Example: Age, Happiness, and Marriage#

\(A \rightarrow M \leftarrow H\)

The older you are, the more changes of being married
The happier you are, the more amicable you are, and thus are more likely to have another person marry you
Here, age does not influence happiness, they are independent

Below is a janky version of the simulation in the lecture.
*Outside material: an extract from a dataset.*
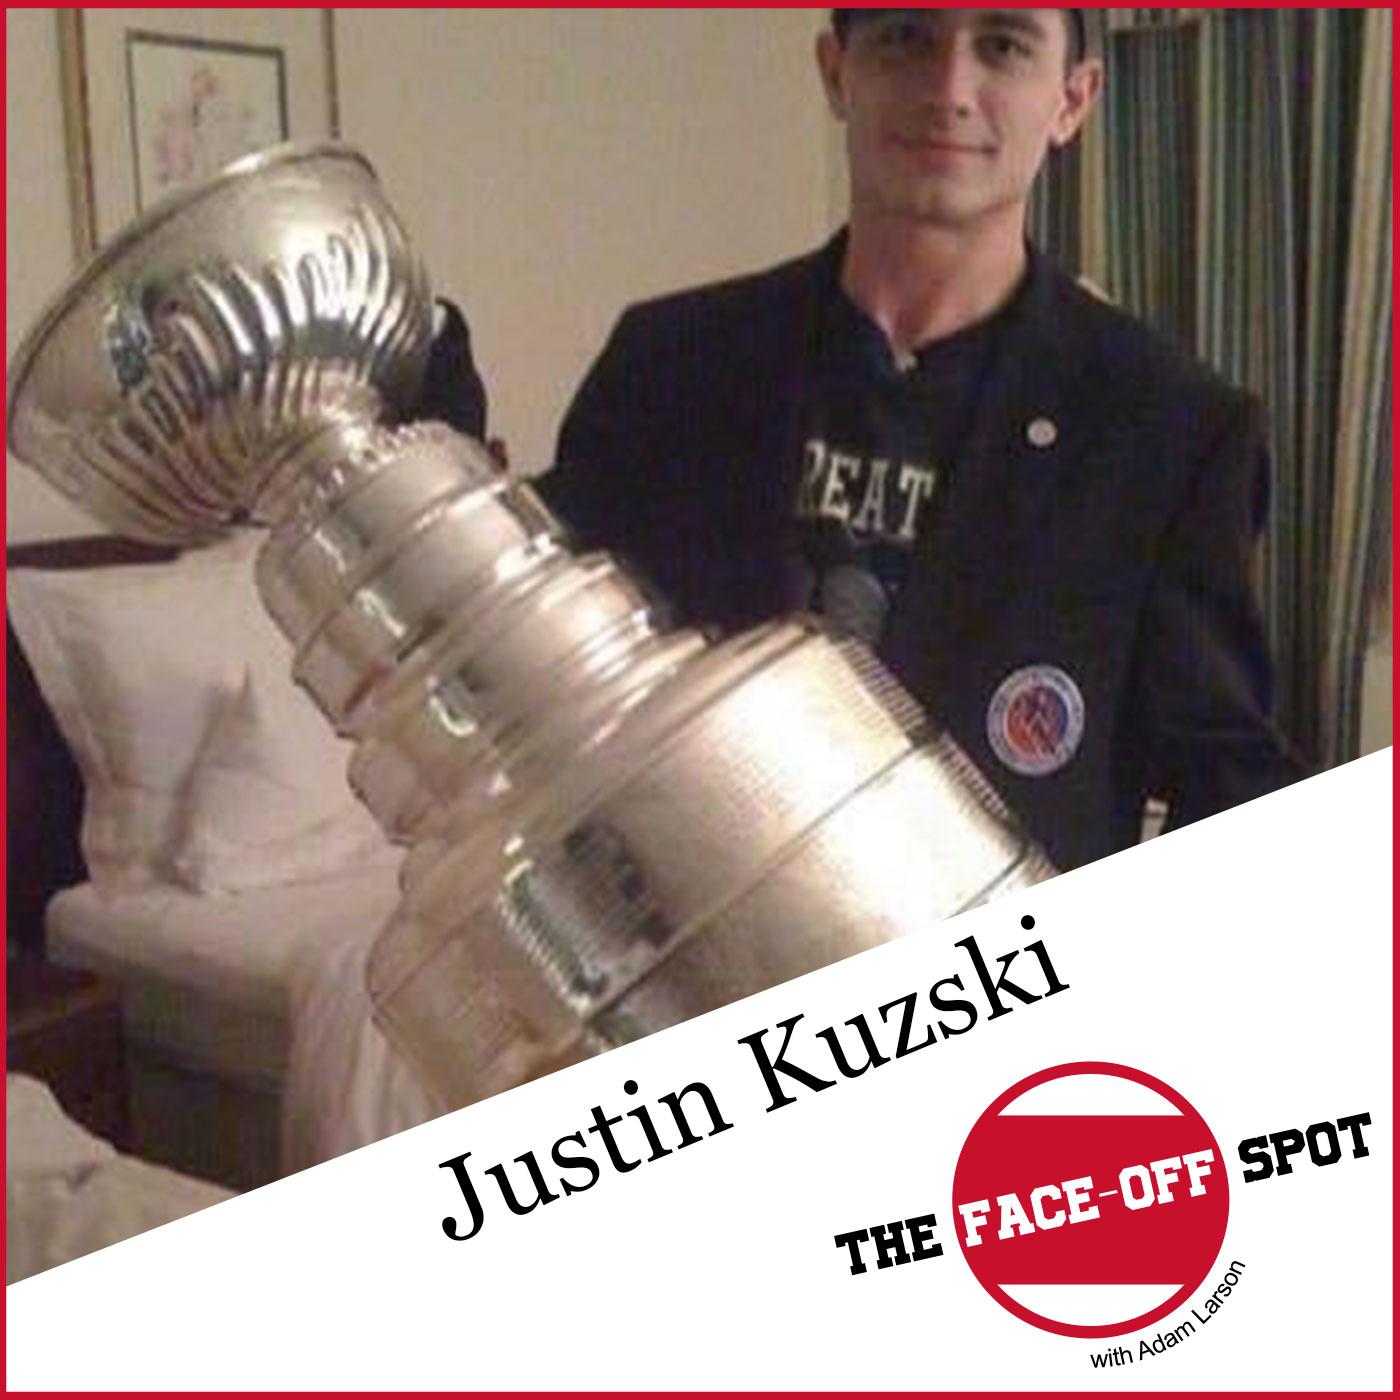 Episode 49 - Justin Kuzski

Rather than running the termporal simulation, starting at age 18, and sampling marital status for each happiness level at each point in time, we just do the whole simulation in one sample, modeling the probability of being married as a combination of both Age \(A\) and Happiness \(H\): \(p_{married} = \text{invlogit}(\beta_H (\bar H - 18) + \beta_A A)\)

age = np.arange(1, 71)
happiness = np.linspace(-2, 2, 40)
age_grid, happiness_grid = np.meshgrid(age, happiness)

# Arbitrary
beta_happiness = 20
beta_age = 1
min_marriage_age = 18

age_grid = age_grid.ravel()
happiness_grid = happiness_grid.ravel()
married_grid = []
for a, h in zip(age_grid, happiness_grid):
    p_marriage = utils.invlogit(h * beta_happiness + (a - 40 - 18) * beta_age)
    married_grid.append(stats.bernoulli(p=p_marriage).rvs())
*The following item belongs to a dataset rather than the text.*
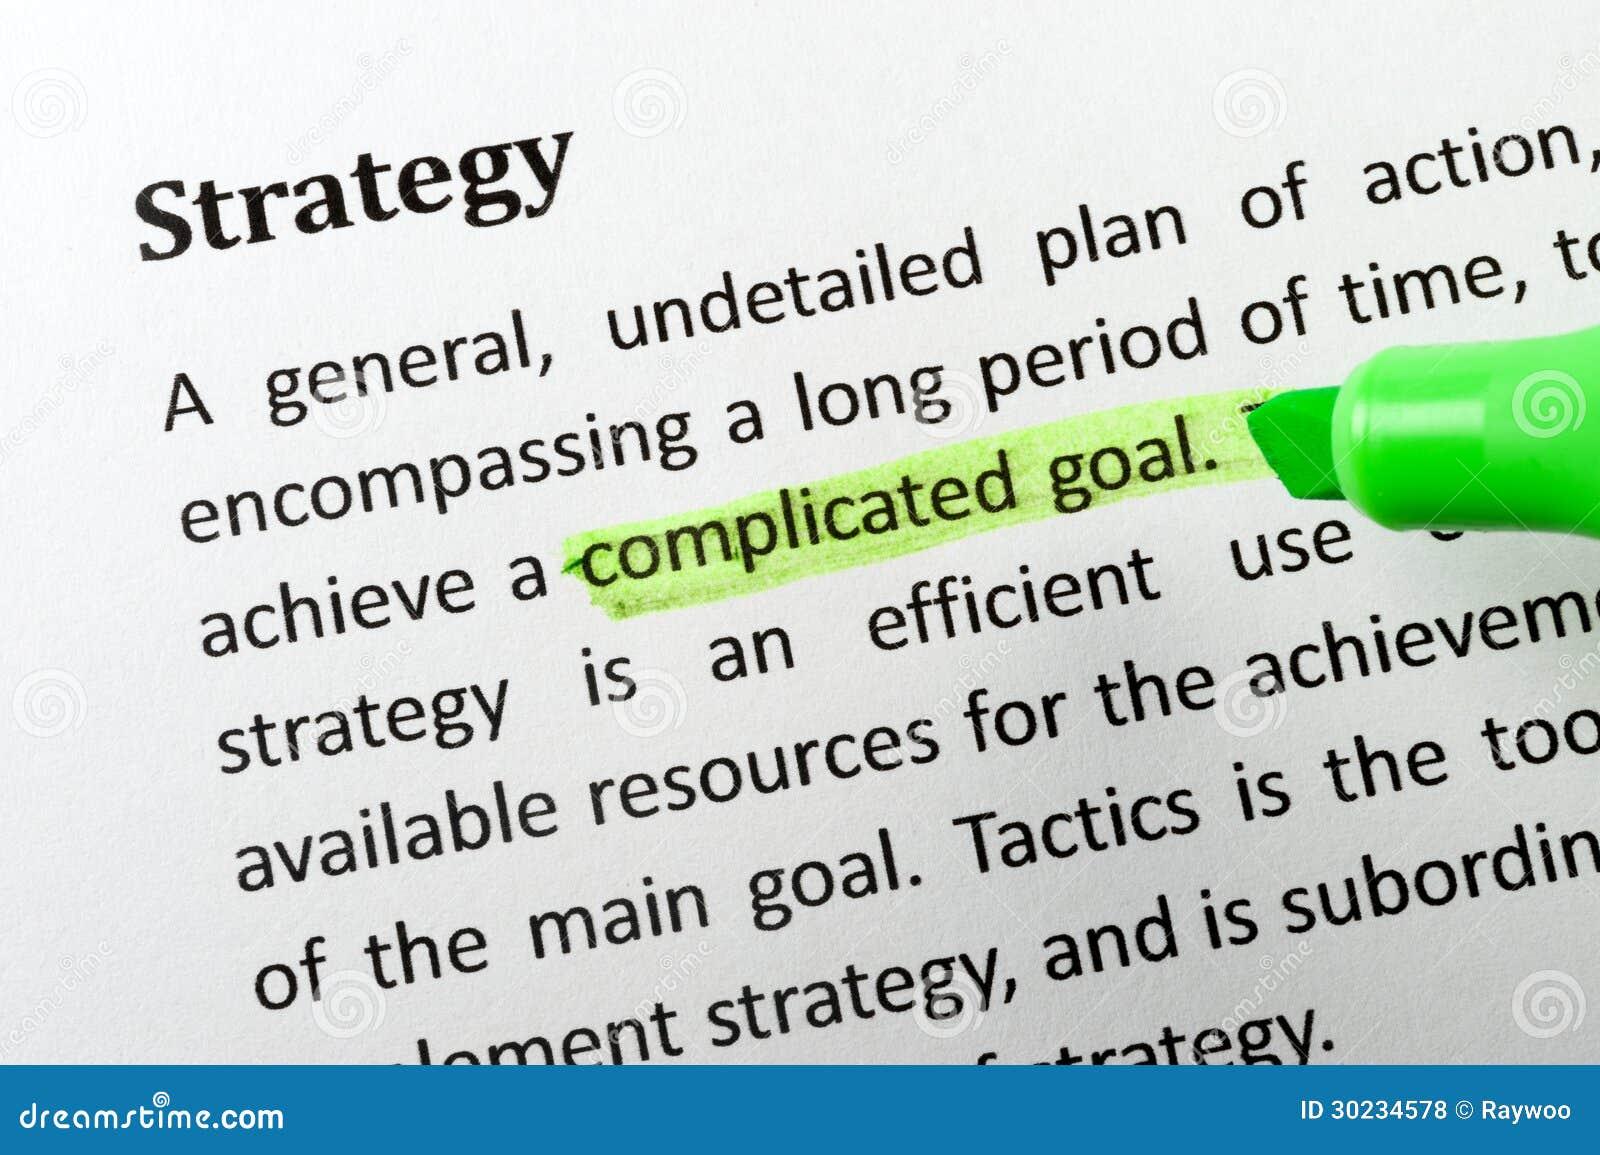 Strategic Studies Institute
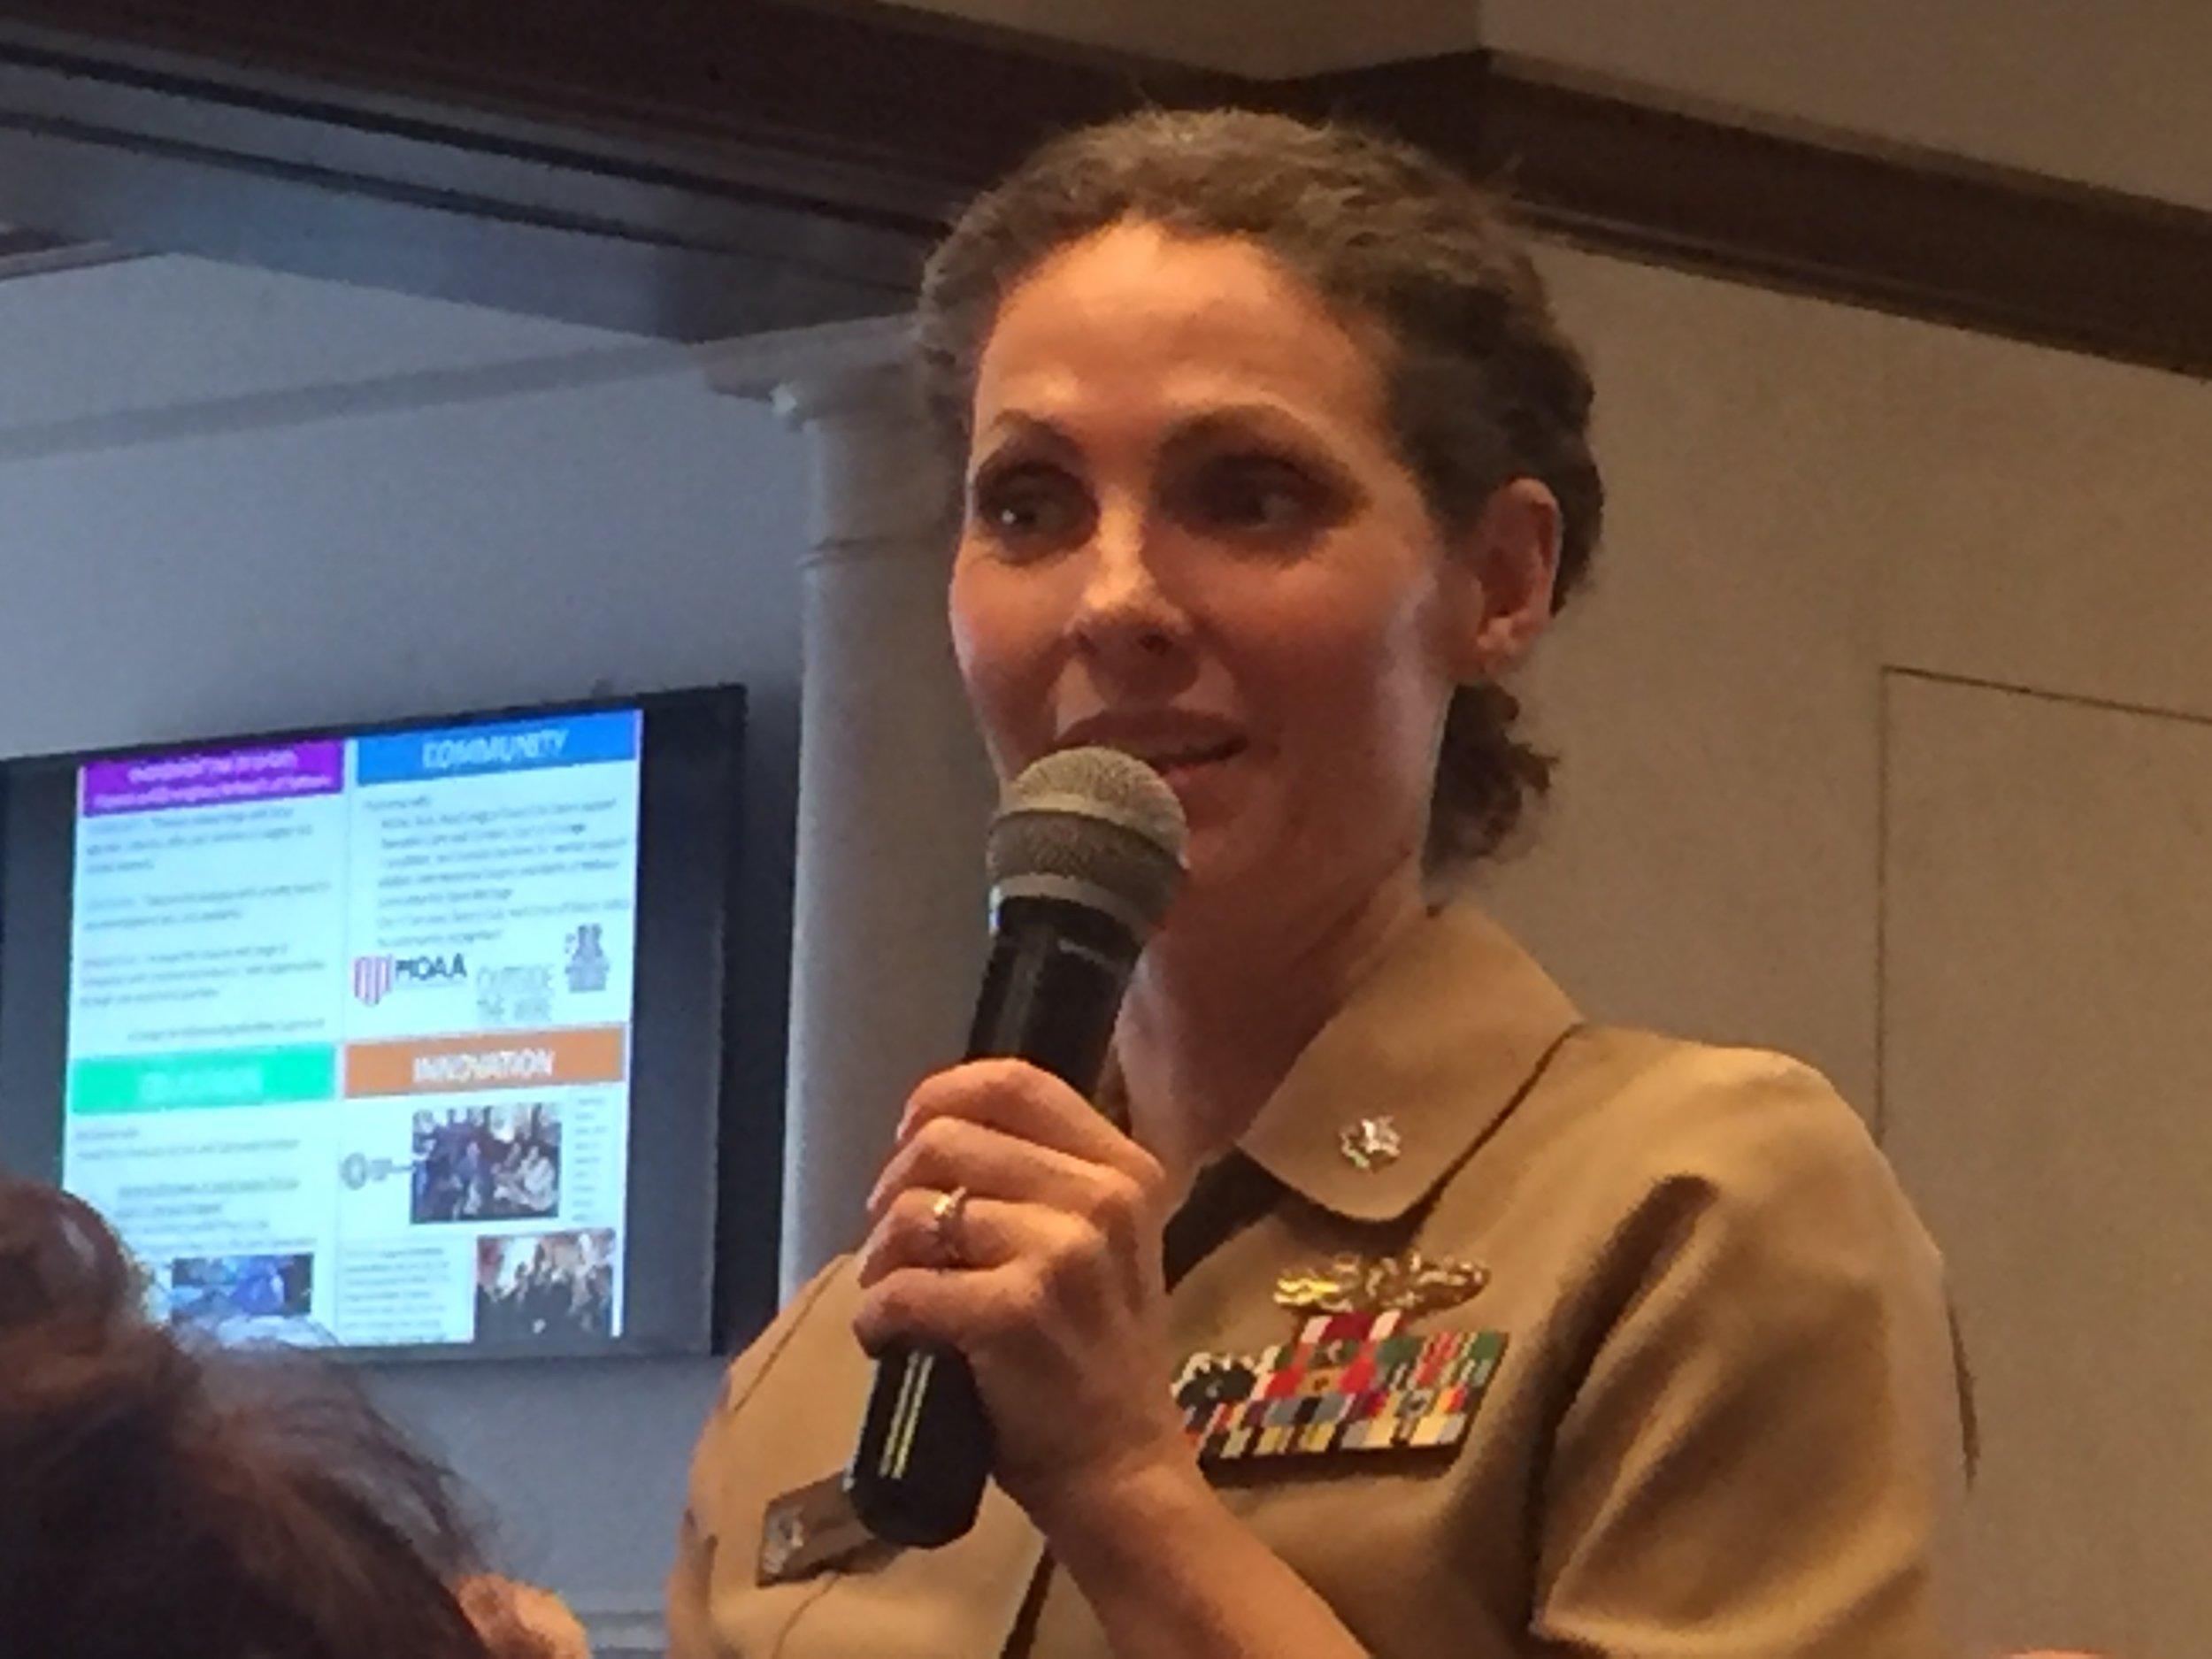 CDR Amy Hunt, USNR

married_grid = np.array(married_grid).astype(int)

utils.plot_scatter(
    age_grid[married_grid == 0],
    happiness_grid[married_grid == 0],
    s=20,
    alpha=1,
    color="lightgray",
    label="Unarried",
)
utils.plot_scatter(
    age_grid[married_grid == 1],
    happiness_grid[married_grid == 1],
    s=20,
    alpha=1,
    color="C0",
    label="Married",
)
plt.xlabel("Age")
plt.ylabel("Happiness (std)")
plt.legend();

../_images/90593e23864f16d1544b214f974423213b2d8606963cbf69ab54ab64bcb2aefe.png

If we were to stratify by married folks only (\(M=1\)), we would conclude that Age and Happiness are negatively associated, despite them actually being independent in this simulation.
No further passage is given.